*Stored data:*
* * * * *

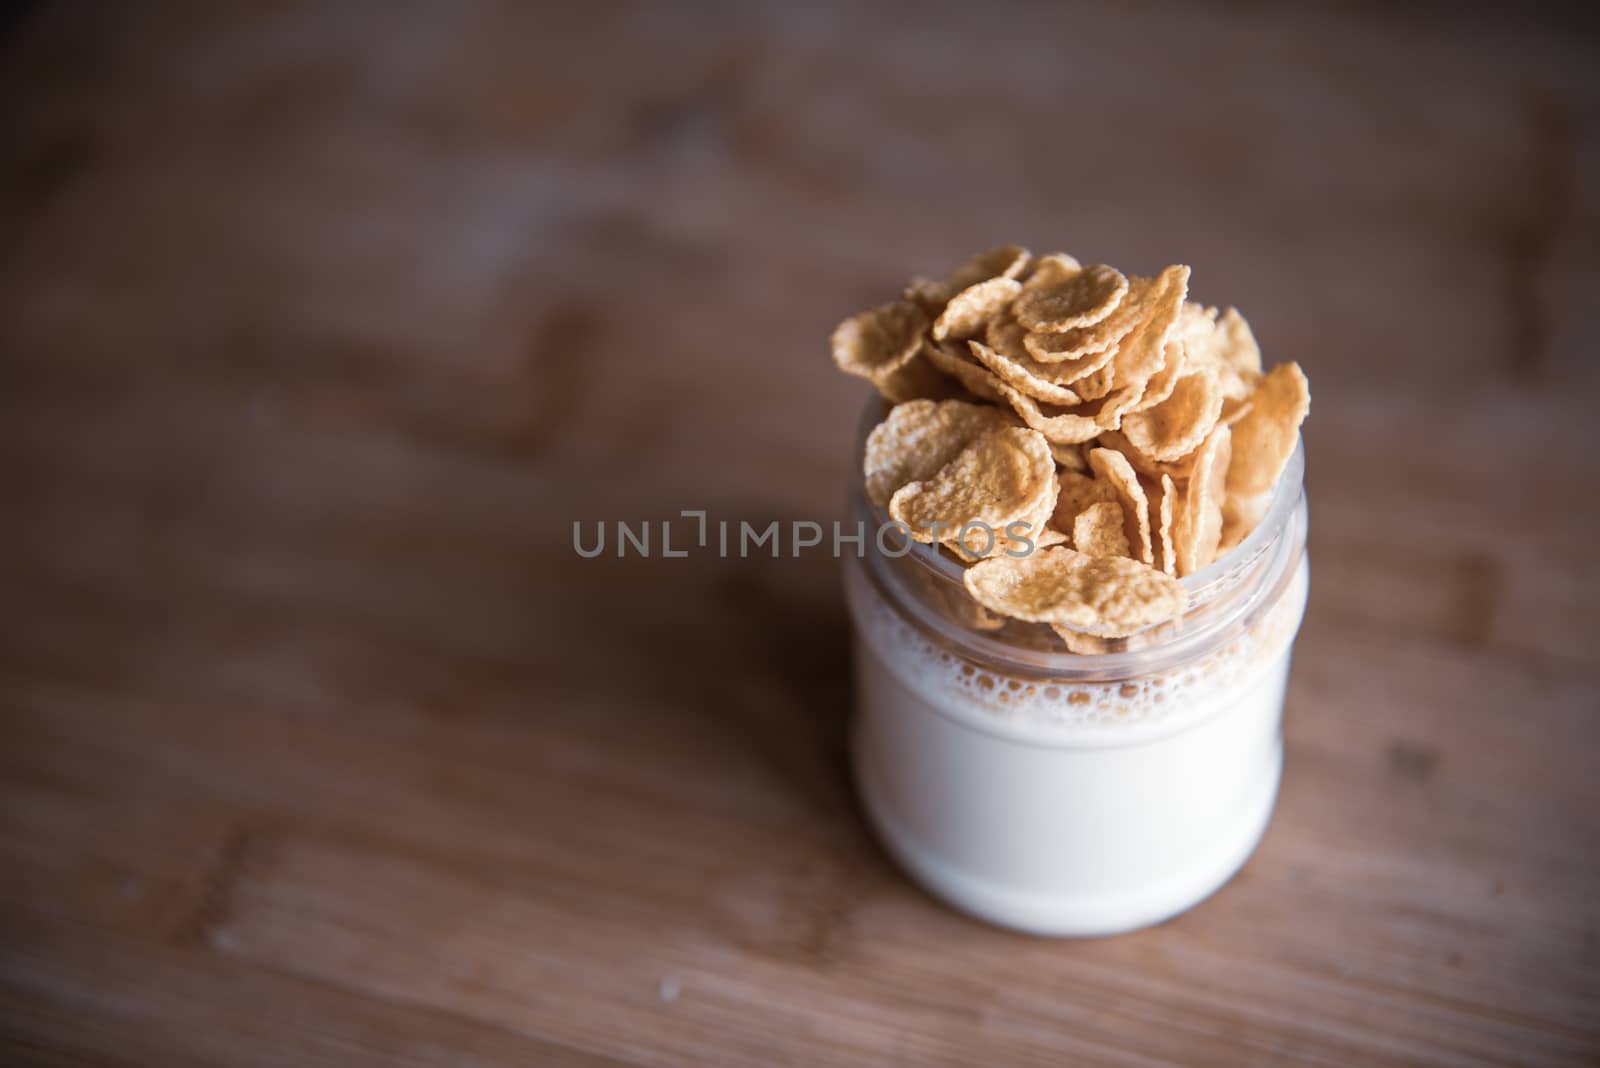 jar of yogurt with cornflakes stands on a wooden board and place for copy space
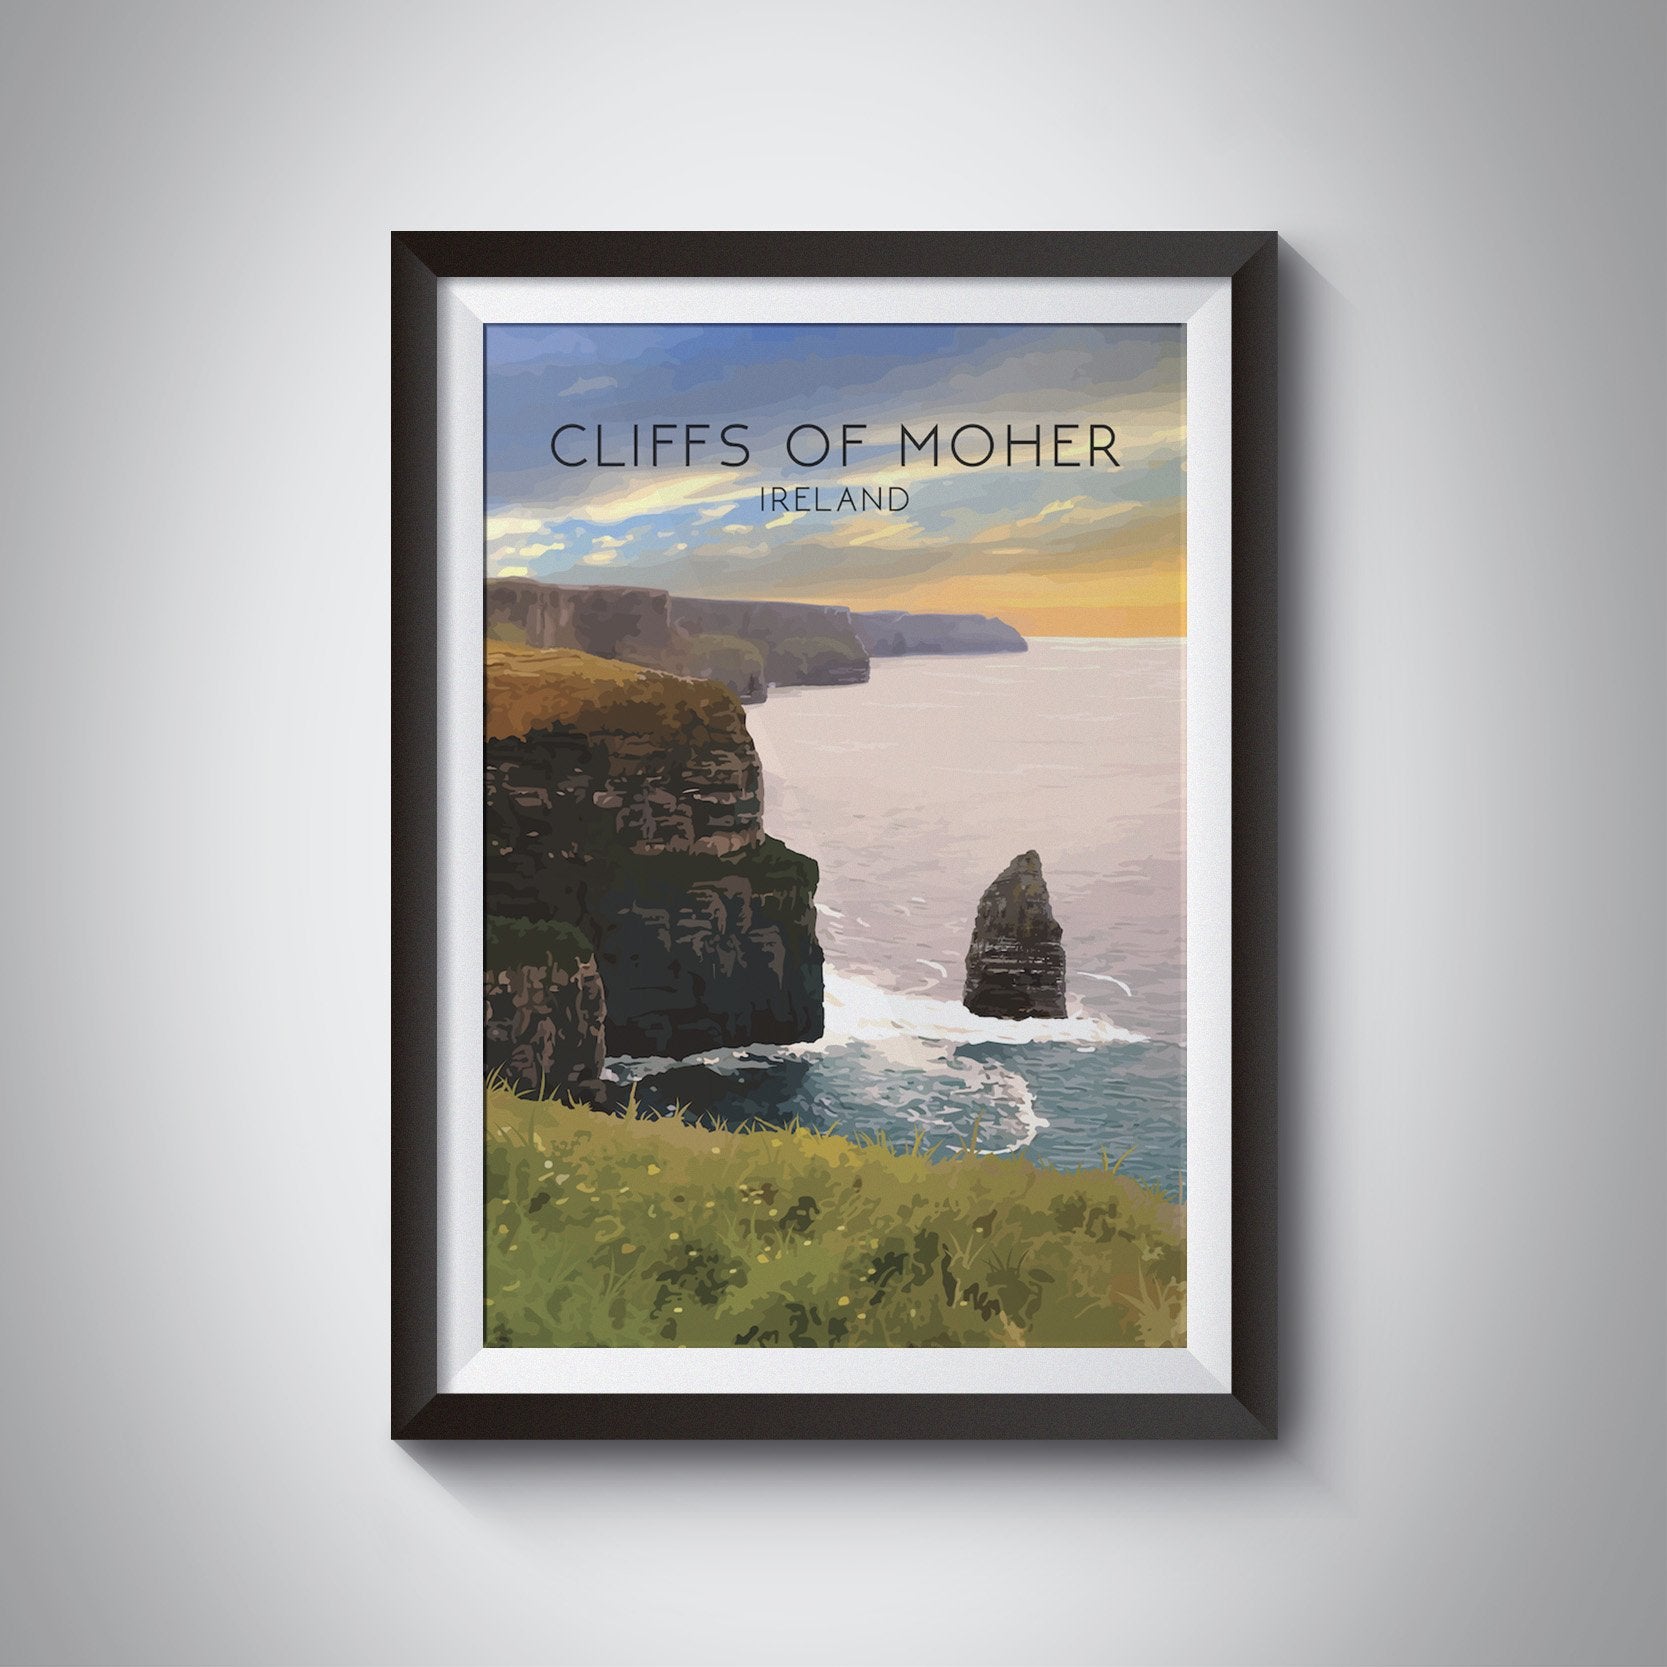 Cliffs of Moher Ireland Travel Poster
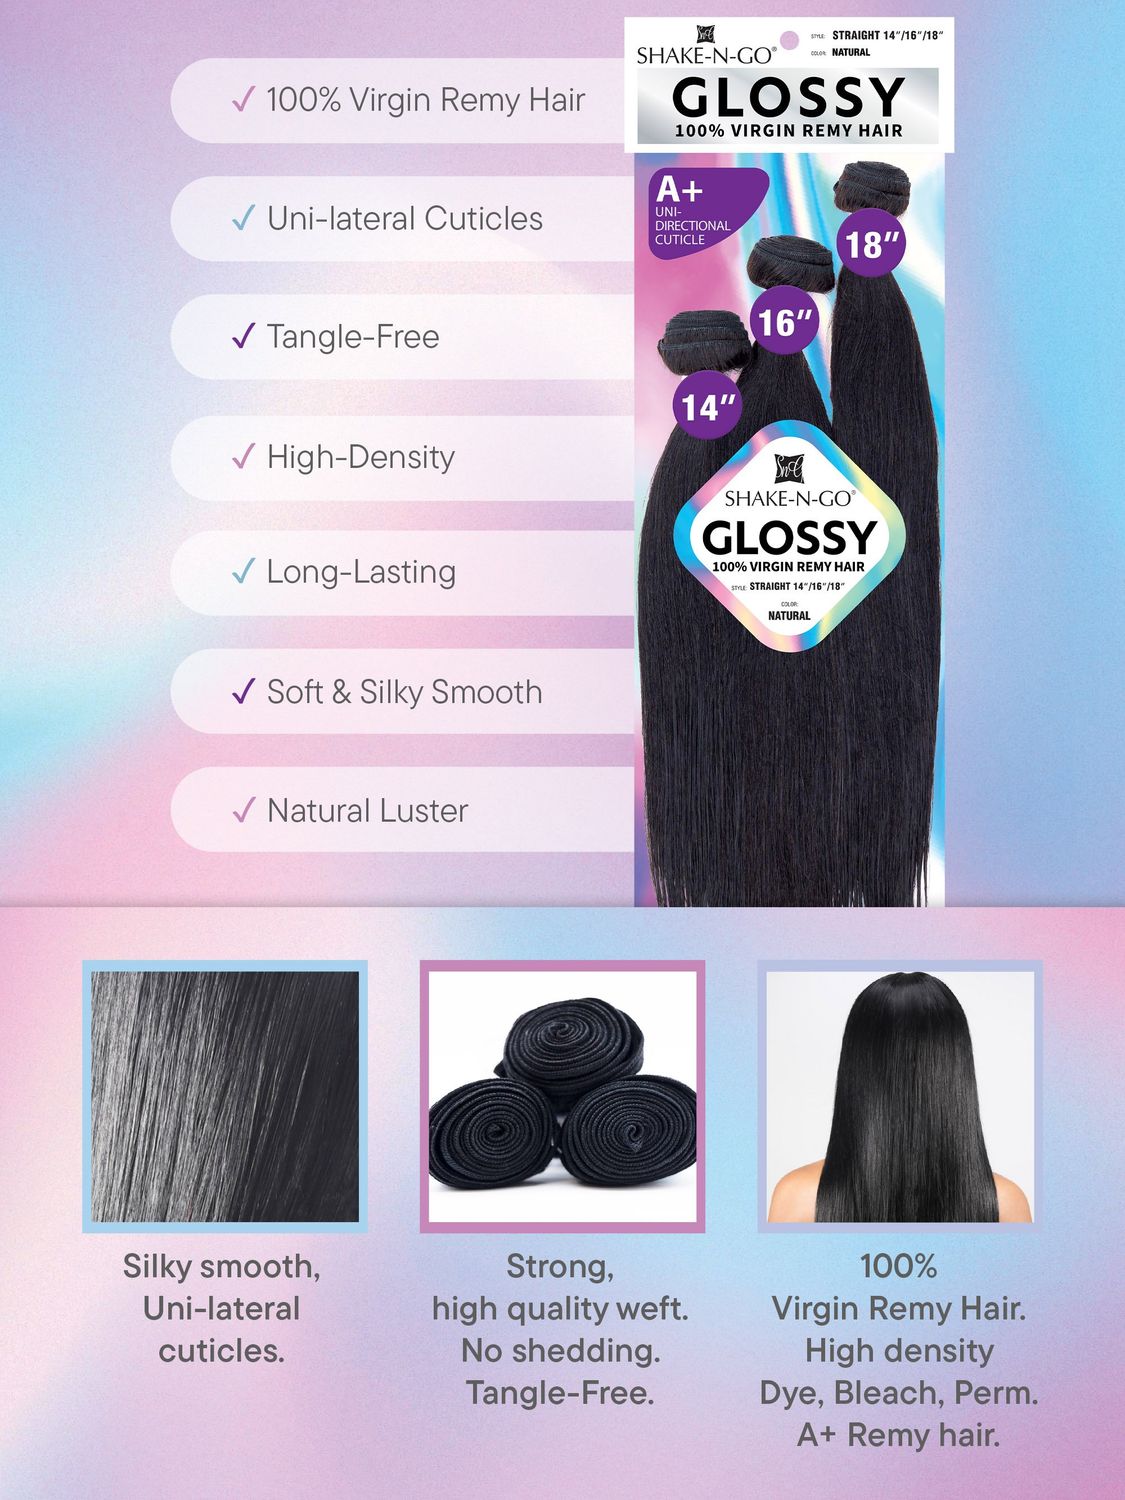 Glossy 100% Virgin Remy Hair, Color: Natural, Length: 18-22, Type: Deep Wave
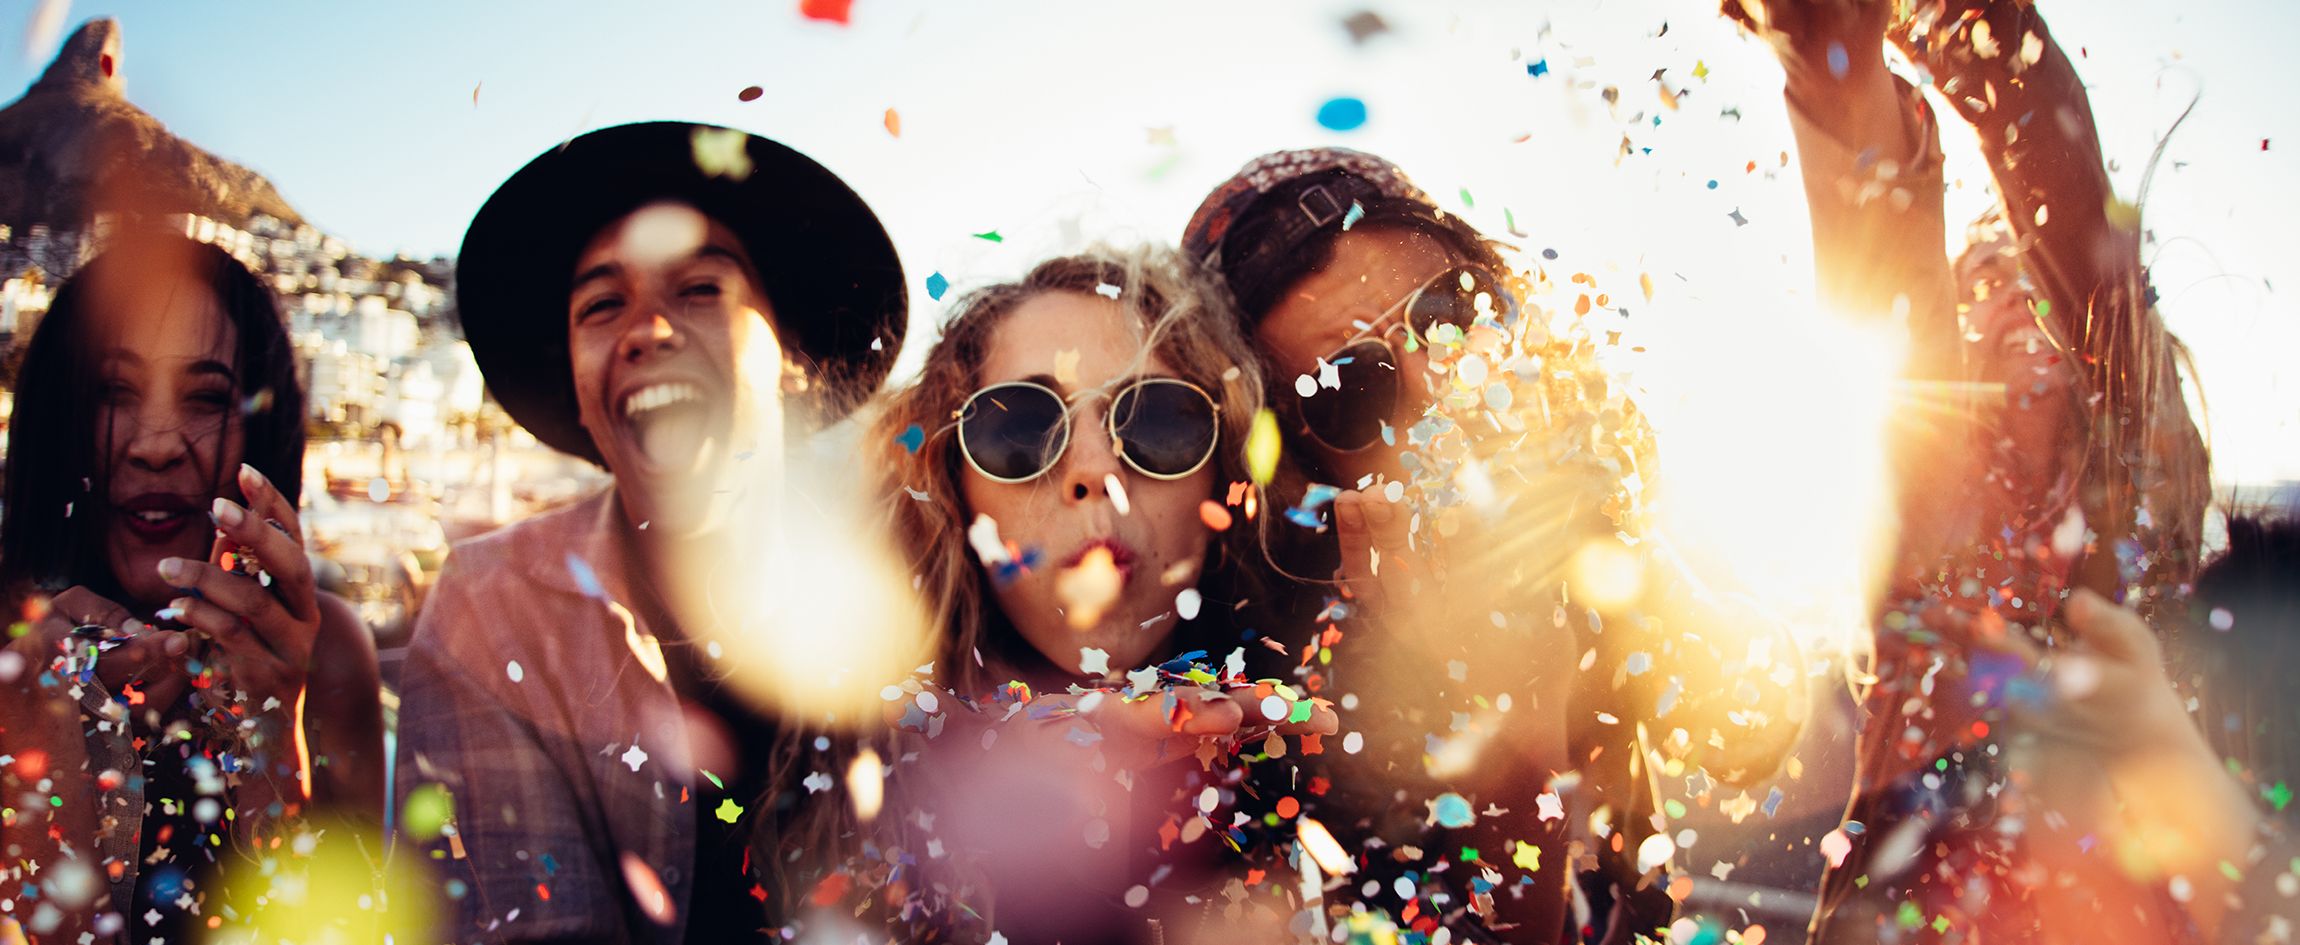 A group of friends celebrating outdoors with confetti

* * * * *

*Requirement:* Give back the material word for word, without images.

*Task solution:*
 jar of yogurt with cornflakes stands on a wooden board and place for copy space
 Cliffs of Moher Ireland Travel Poster
 Glossy 100% Virgin Remy Hair, Color: Natural, Length: 18-22, Type: Deep Wave
 A group of friends celebrating outdoors with confetti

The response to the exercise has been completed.